GS ve BJK arasında
oynanan 2023-2024 Süper Kupa maçının ilk başlarına biraz baktım.
Daha ilk dakikalarda
BJK 1-0 öne geçmişti. Ardından GS birini Icardi, diğerini de Kerem'in ayağından
attığı iki ofsayt golü izledim. Misafir geldiği için sonrasına bakmadım.
Misafirle otururken
zaman zaman dakika ve skoru takip ettim. Maçın ilerleyen zamanlarında özellikle
ikinci yarı GS'nin beraberliği yakalayacağını, maça denge getireceğini
beklerken ardı arkasına attığı gollerle BJK maçı hakkıyla ve güzel bir oyunla
kazanarak bu sezonun Süper Kupa'sını müzesine götürdü.
İzlediğim bölümlerde
GS’i tanımakta zorlandım. Bu takım mı son iki sene bu ülkede şampiyon oldu
dedim.
Son iki sezonda
varlık gösteremeyen, evinde ve deplasmanda doğru dürüst maç kazanamayan ve başarısızlıkta
dolayı kaç teknik direktör değişikliğine imza atmış BJK gitmiş, yerine yepyeni bir
takım gelmiş. Oynadığı bu maç ile 2024-2025 sezonunun en büyük şampiyon
adayıyım imajını verdi.
Yeni teknik direktör
ve futbolcu transferi ile adını duyuran FB ise tıpkı BJK gibi yeni sezonun
şampiyon favorilerinden.
BJK karşısında
varlık gösteremeyen son iki yılın şampiyonu GS ise bu oyunuyla küme düşmeye
oynar görüntüsü verdi.
Dördüncü büyük takım
olarak bildiğimiz TS’nin, yaptığı transferlerle yeni sezonda varlık gösterip
göstermeyeceğini zaman gösterecek.
Dört büyükler
dediğimiz bu takımlar her ne kadar her sezon ilk dört veya altıda yer alsa da
diğer kulüplere göre daha fazla şampiyonluk kazansalar da müzelerine daha fazla
kupa götürseler de büyüklükleri tartışılır.
Çünkü büyük takım
demek istikrar demektir. Oynadığı oyun ve aldığı skorla adından söz ettirir.

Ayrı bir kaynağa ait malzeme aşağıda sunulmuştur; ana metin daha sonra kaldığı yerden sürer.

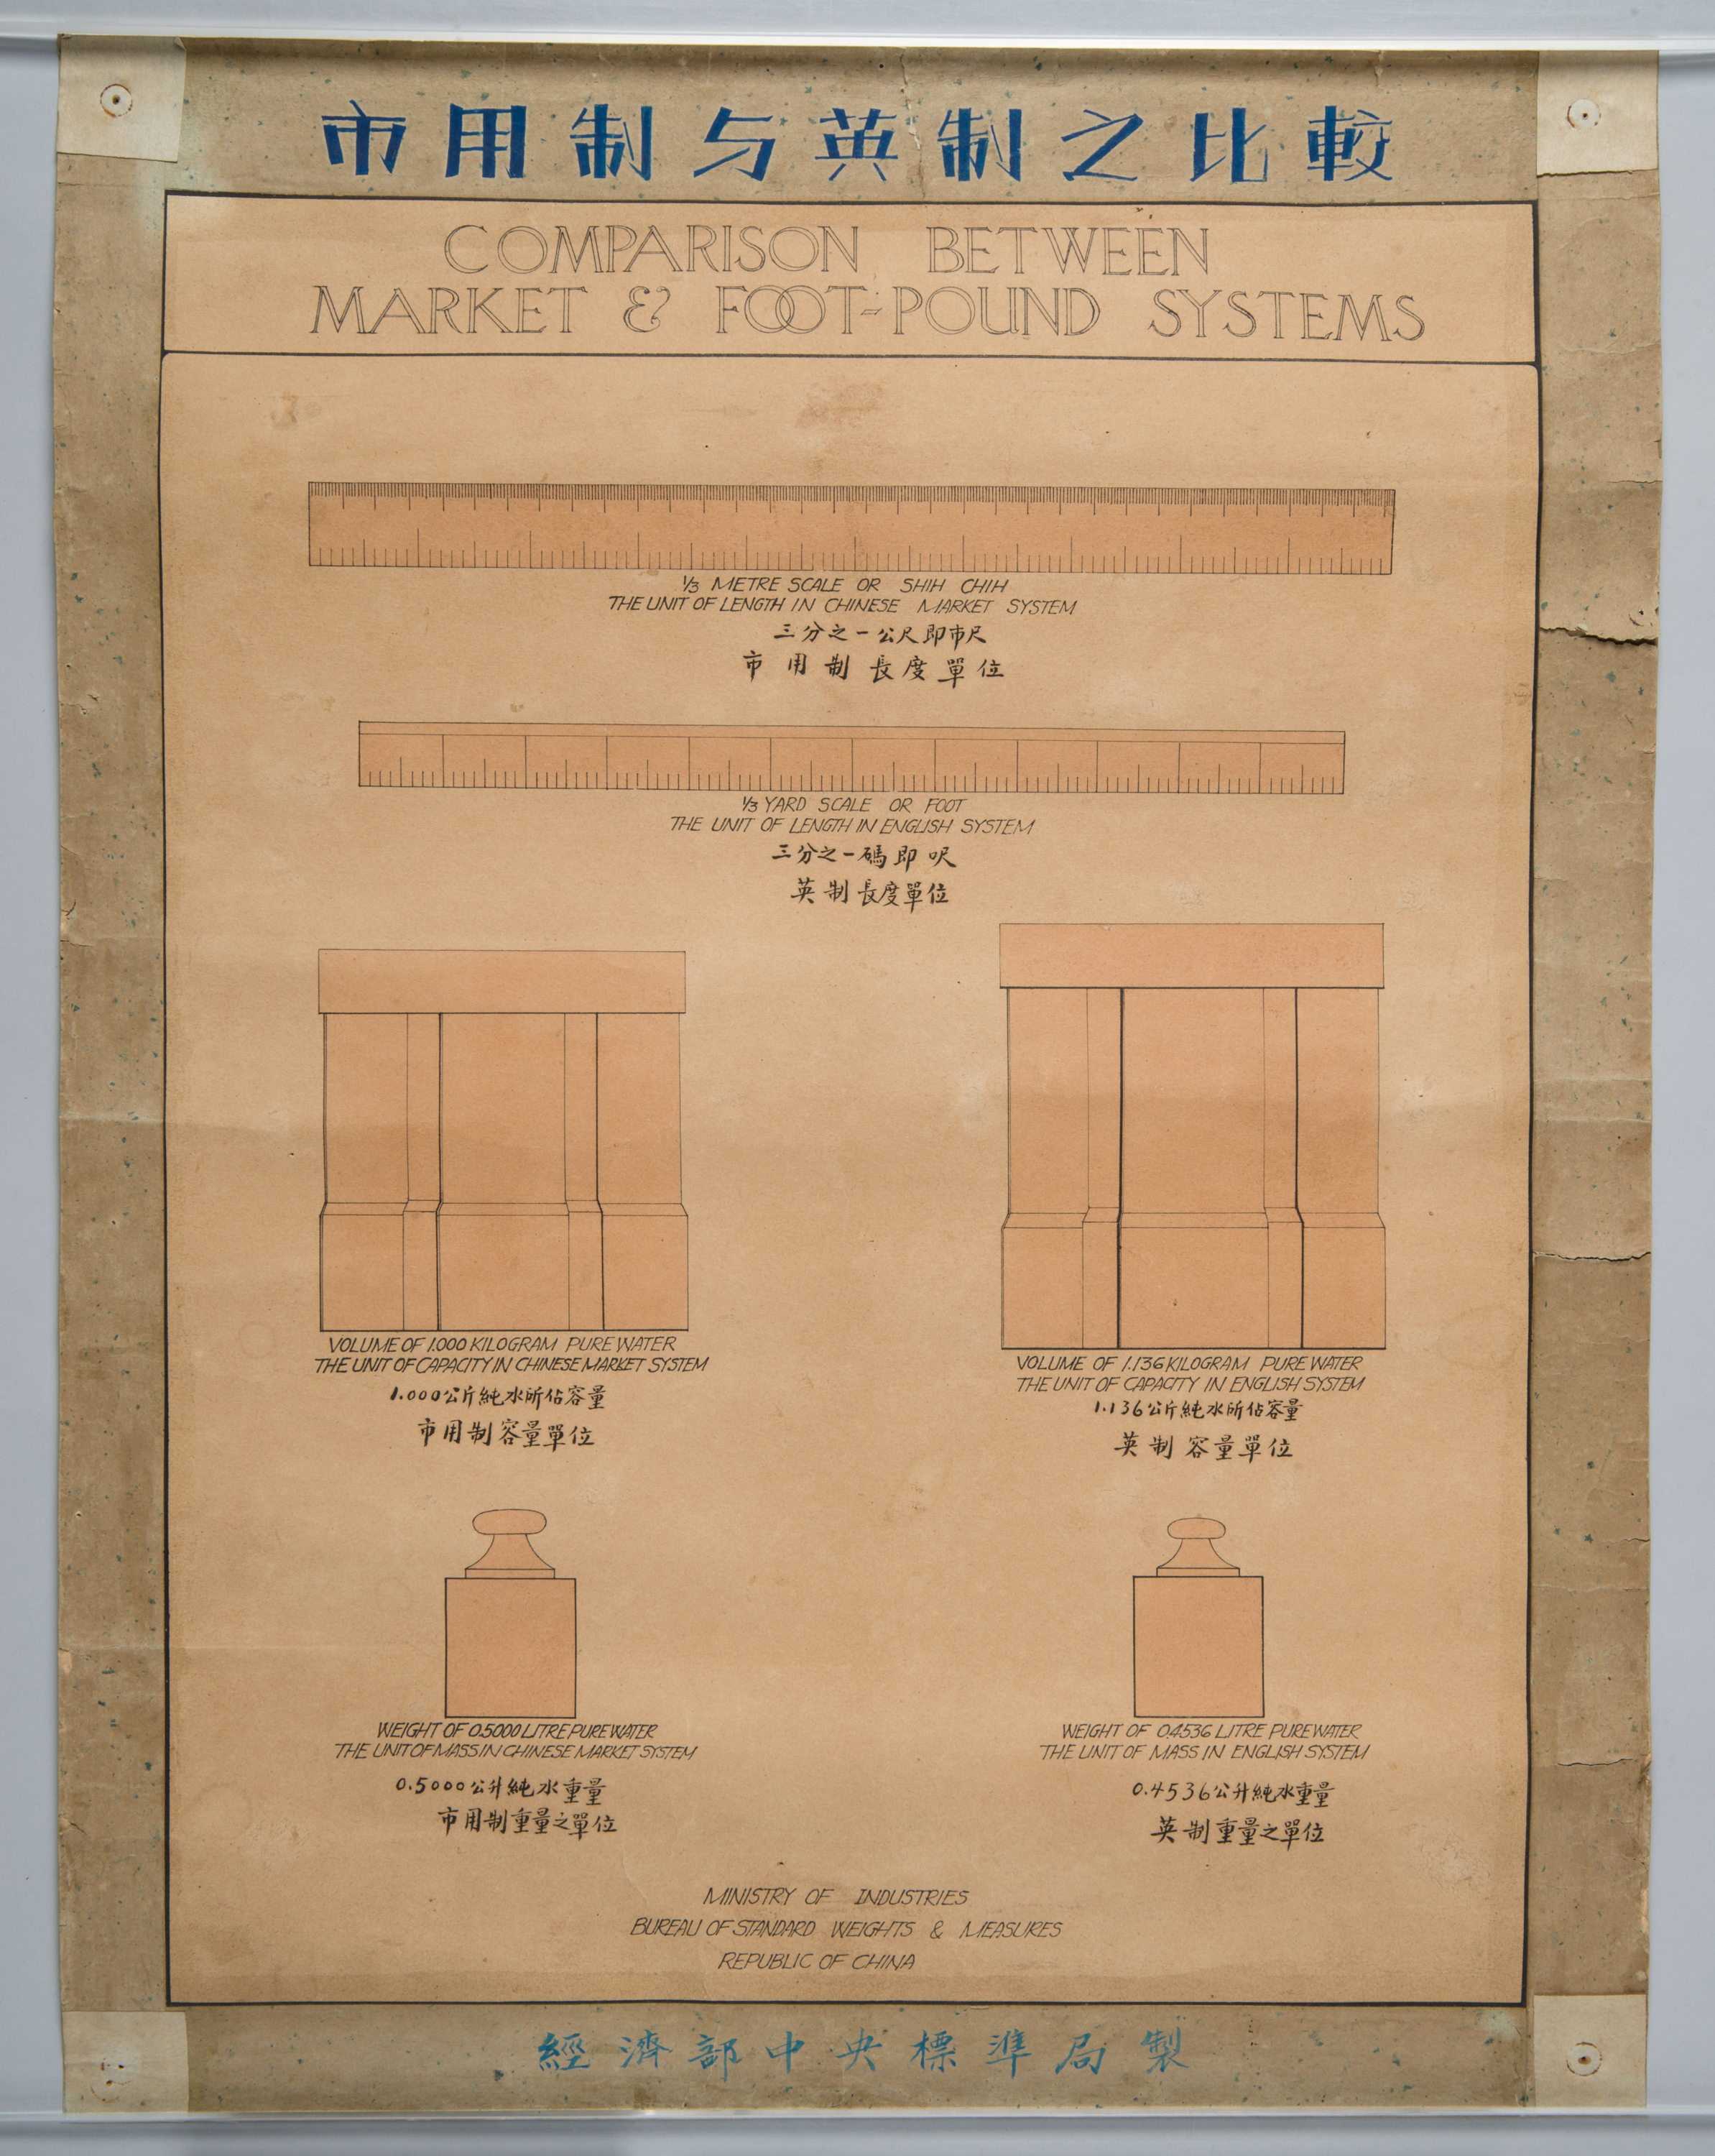 One of posters about weights and measures by  the National Bureau of Weights and Measures,Total 3 pictures

Ölüsü bile dişli rakiplere kök söktürür. En azından başa baş mücadele eder.
Gel gör ki bizim
dört büyükler böyle değil. Bir bakmışsın şampiyonluğa oynuyor, ertesi yıl ise
küme düşmemek için mücadele ediyor ya da ligi ortalarda tamamlıyor. Avrupa
maçlarında ise yeterince varlık gösteremiyor.
Anlatmak istediğim
bizim bu dört büyükler bir bakıyorsun fırtına gibi esiyor, bir bakıyorsun
ölü.
Bir iyi bir kötü
görüntüleri büyük takım olmayı hak etmediklerini gösterir.
Mesela son iki yılın
şampiyonu GS büyük takım olsa daha bir ay önce ligde 50 puan fark attığı BJK
karşısında 5-0 mağlup olmaz. Yenilebilir ama mücadele başa baş olur. Gol yer
ama gol de atar.
Daha genç yaşında
yere göğe sığdıramadığımız Okan Buruk ise BJK karşısında farka giden golleri
kalesinde görmesine rağmen maçın sonucunu değiştirecek hamle yapamıyor. Seyirci
gibi izledi mağlubiyeti.
Elbette tek maç ölçü
olmasa da büyük takım ezeli rakibinden beş gol yemez.
Hasılı bizim dört büyükler büyüğüz diye geçinmesin. Başa baş ve dişe diş mücadele edemeyen ve istikrarı koruyamayan takımlardan büyük takım olmaz.